Maria Saadi

Personal information
- Native name: ماريا السعدي
- Nationality: Moroccan
- Born: 6 December 2010 (age 15)

Sport
- Sport: Athletics
- Events: 60 metres, 100 metres, long jump

Medal record
Women's athletics
Representing Morocco
Arab U18 Championships
| Gold medal – first place | 2026 Cairo | 100 metres |
| Gold medal – first place | 2026 Cairo | Long jump |

= Maria Saadi =

Moroccan sprinter and long jumper

Maria Saadi (ماريا السعدي; ⵎⴰⵔⵉⴰ ⵙⴰⵄⴷⵉ; born 6 December 2010) is a Moroccan track and field athlete who competes in sprinting and the long jump.

==Career==
On 21 February 2026, aged 15, Saadi set a Moroccan indoor record in the 60 metres, recording a time of 7.48 seconds at the French U18 Championships in Liévin, France.

In September 2026, she competed at the Arab U18 Athletics Championships in Egypt, where she won two gold medals. She won the 100 metres in 11.53 seconds and the long jump with a mark of 6.56 metres.

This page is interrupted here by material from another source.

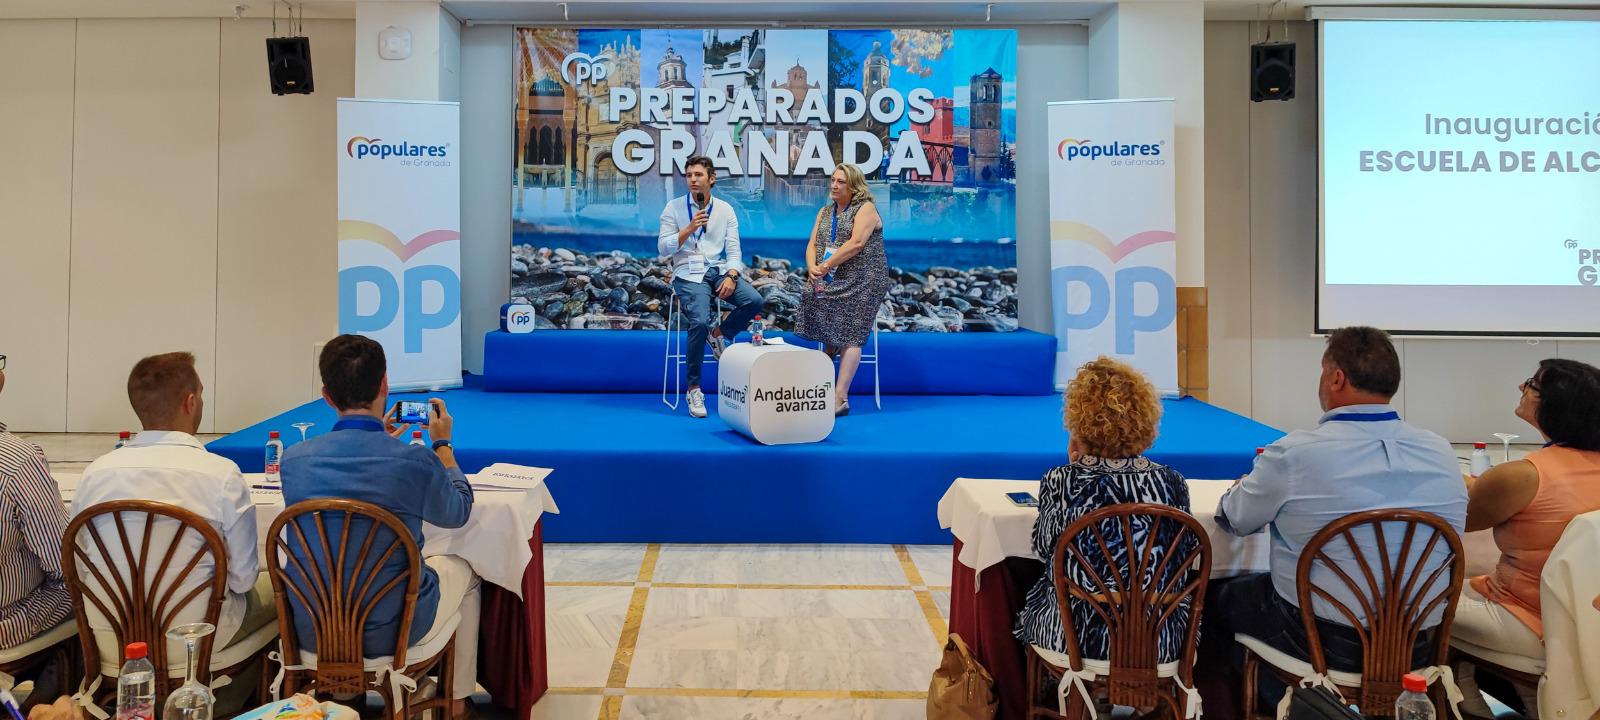 El PP de Granada inicia el curso político en Almuñécar con la vista puesta en las alcaldías, la capital y la Diputación
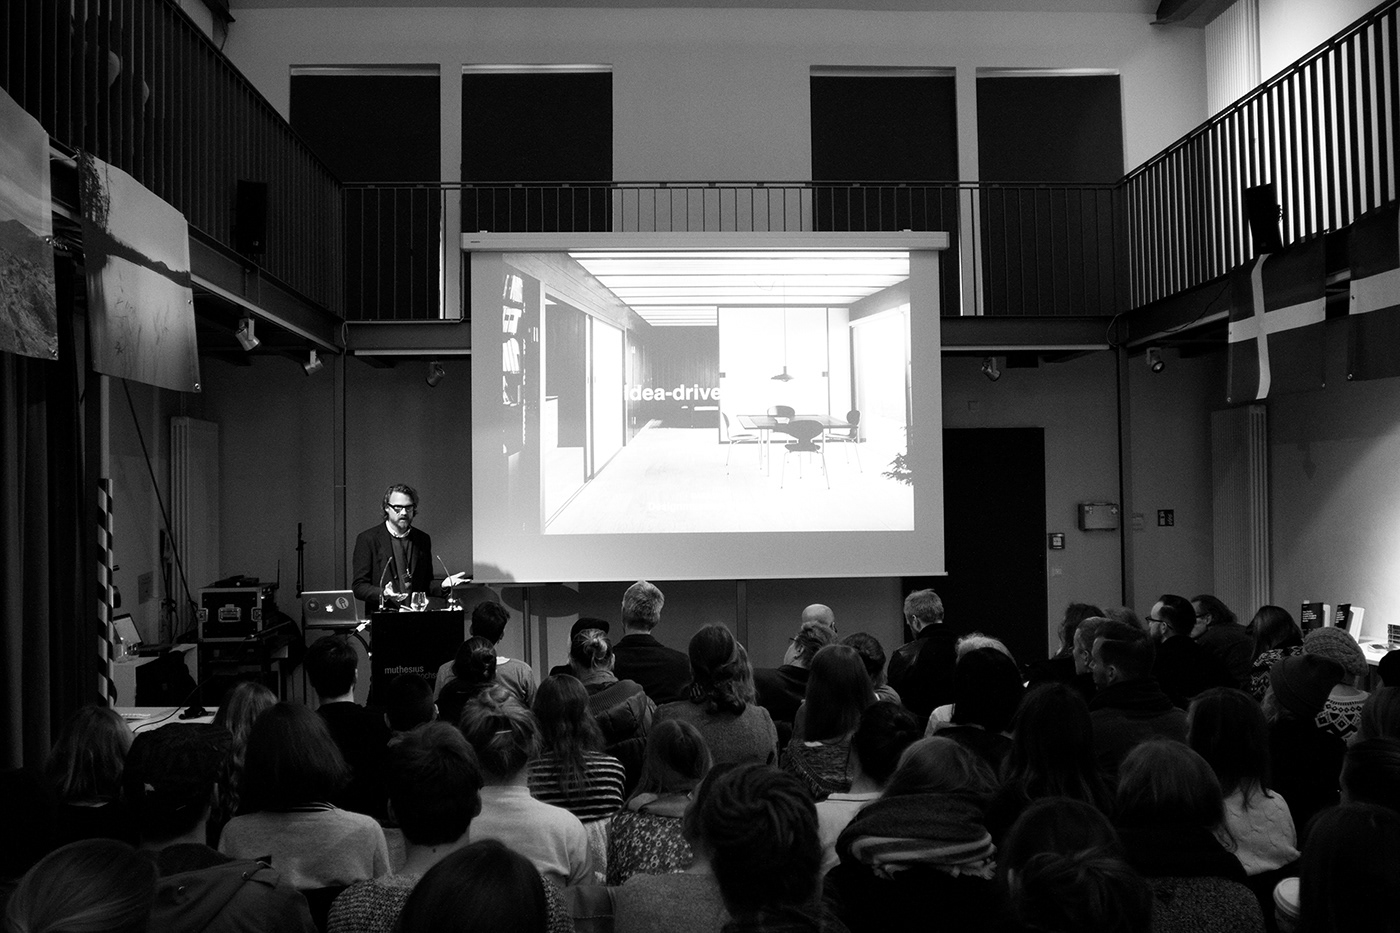 Scandinavia black and white denmark Sweden norway european design award conference book design design research Das Eine Designstudio

Her 6.56-metre long jump constituted a senior Moroccan record. Her time in the 100 metres simultaneously established Moroccan U18 and U20 records.

==Competition record==

| Year | Competition | Venue | Position | Event | Performance |
| 2026 | Arab U18 Athletics Championships | Cairo, Egypt | 1st | 100 metres | 11.53 s |
| 1st | Long jump | 6.56 m |

==National records==
- 60 metres indoor – 7.48 seconds, set on 21 February 2026 in Liévin.
- Long jump – 6.56 metres, set in September 2026 in Cairo. This is the senior Moroccan record.
- 100 metres – 11.53 seconds, set in September 2026 in Cairo. This is the Moroccan U20 record.
- 100 metres – 11.53 seconds, set in September 2026 in Cairo. This is the Moroccan U18 record.